India’s new national broadband network could be the first project to enact an entirely new concession model, one which could revolutionise infrastructure finance.
Under the model, the state and private sector share tax revenues generated as a result of a project, as well as direct project revenues. The model has been devised, promoted and proposed by the CEO of the think tank ADB Institute (ADBI) in Tokyo.
Naoyuki Yoshino, CEO and dean of the ADBI, recently presented two new PPP innovations to Asian governments after many years of research.
One of the concepts aims to smoothing out the often tricky land acquisition process – a stumbling block typical in the region.
The other looks to improve the rate of return to infrastructure investors.
Yoshino tells IJGlobal: “About 20 years ago the Japanese Ministry of Construction asked me to evaluate the impact of infrastructure investment. Japan in those days had been criticised for too much infrastructure development and maybe it was not that good for the Japanese economy. Because already basic infrastructure had been constructed, I proposed two ways. Firstly to look at gross GDP in each region and how much GDP the infrastructure investment had created. Secondly to assess how much the tax revenues had increased along the road or railway.”
He found a criticism from much of the private sector in Japan that there were not many bankable projects for them, in the sense that the rate of return on investment was too low. The insurance industry in Japan is particularly expressing their interest to invest/lend in infrastructure if the returns were higher.
Seeking a way to increase rates of return, Yoshino has focused on the fact that all tax revenue increases that come as a result of a new train line or highway, for example, feed directly and exclusively into the government coffers for the entire operational life of the asset. But this need not be the case.
Yoshino is promoting his recommended models to governments around Asia, with visits to India, Indonesia, Bangladesh, Myanmar and Japan in his diary.
Sharing spillover tax revenues
In modelling how much state tax revenues rise as a result of new infrastructure projects, Yoshino has carried out calculations in relation to three operational Asian projects:
- Kyushu High speed-rail line, Japan
- Tashguzar–Boysun–Kumkurgon railway, Uzbekistan
- Southern Tagalog arterial road tollway, Philippines
Analysis around the tax outcomes from further projects will enrich the available data set for calculating forecasts to implement tax revenue sharing agreements in future concessions.
All taxes are included in the analysis, for example income, property, corporate and sales taxes.
Yoshino’s proposal is for the public procuring authority and private sector equity holder(s) to agree at the outset to share the project's “spillover tax revenue” on a 50:50 basis.
The suggested 50:50 is the easiest split, but need not be the only solution.
The concept has been gaining traction with government ministers in more than one country in Asia so far.
In India, Aruna Sundararajan, a secretary in the Department of Communications, is exploring the potential use of this model for the roll-out of a national IT infrastructure broadband network, to potentially incentivise private sector finance. The government-led scheme is being implemented by the government-owned SPV Bharat Broadband Network (BBNL), known as Bharat-Net. The official has asked for estimates of the incremental tax revenue from the fibre network.

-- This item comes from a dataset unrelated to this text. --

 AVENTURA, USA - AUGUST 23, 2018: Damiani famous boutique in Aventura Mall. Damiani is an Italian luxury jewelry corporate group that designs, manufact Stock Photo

Narendra Modi’s government revealed in late 2017 its plans for the Bharat-Net Phase II, involving laying fibre optic lines for 150,000 gram pachayats (or local councils), reaching all remaining rural and semi-rural communities. Phase I laid connections for 100,000 gram panchayats.
The governments in the Philippines and Indonesia are also engaging with the concept, though elections are taking place now in Indonesia.
Yoshino sees the model as being relevant for any type of infrastructure where the region’s economy is positively affected, even in renewable energy generation project development.
Meanwhile, on the subject of how to ensure the correct amount of tax revenues are ring-fenced, hived off and accredited as a positive impact from the new infrastructure, Yoshino has discussed a solution with the Philippines’ Secretary of Finance Carlos Garcia Dominguez III.
Yoshino says: “Dominguez has a very simple idea. He wants to look at national average of changes to, for example, property tax, income, corporate tax and sales tax revenue. Then he would look at the changes in tax revenue along the highway/train line. If the tax revenue in the area with the transport infrastructure is higher than the national average (for example a rise of 4% versus the average 2% rise), then that difference is to be split with the sponsor in annual payments.”
Annual payments would make sense best, or possible six monthly payments, in line with the jurisdictions tax payment timelines.
The land trust bank concept
Yoshino’s pitch to governments to reform their infrastructure procurement models is two-pronged. His other proposal is aimed at tackling the lengthy pre-construction delays and uncertainty that arises in the negotiations to buy the land for large infrastructure projects.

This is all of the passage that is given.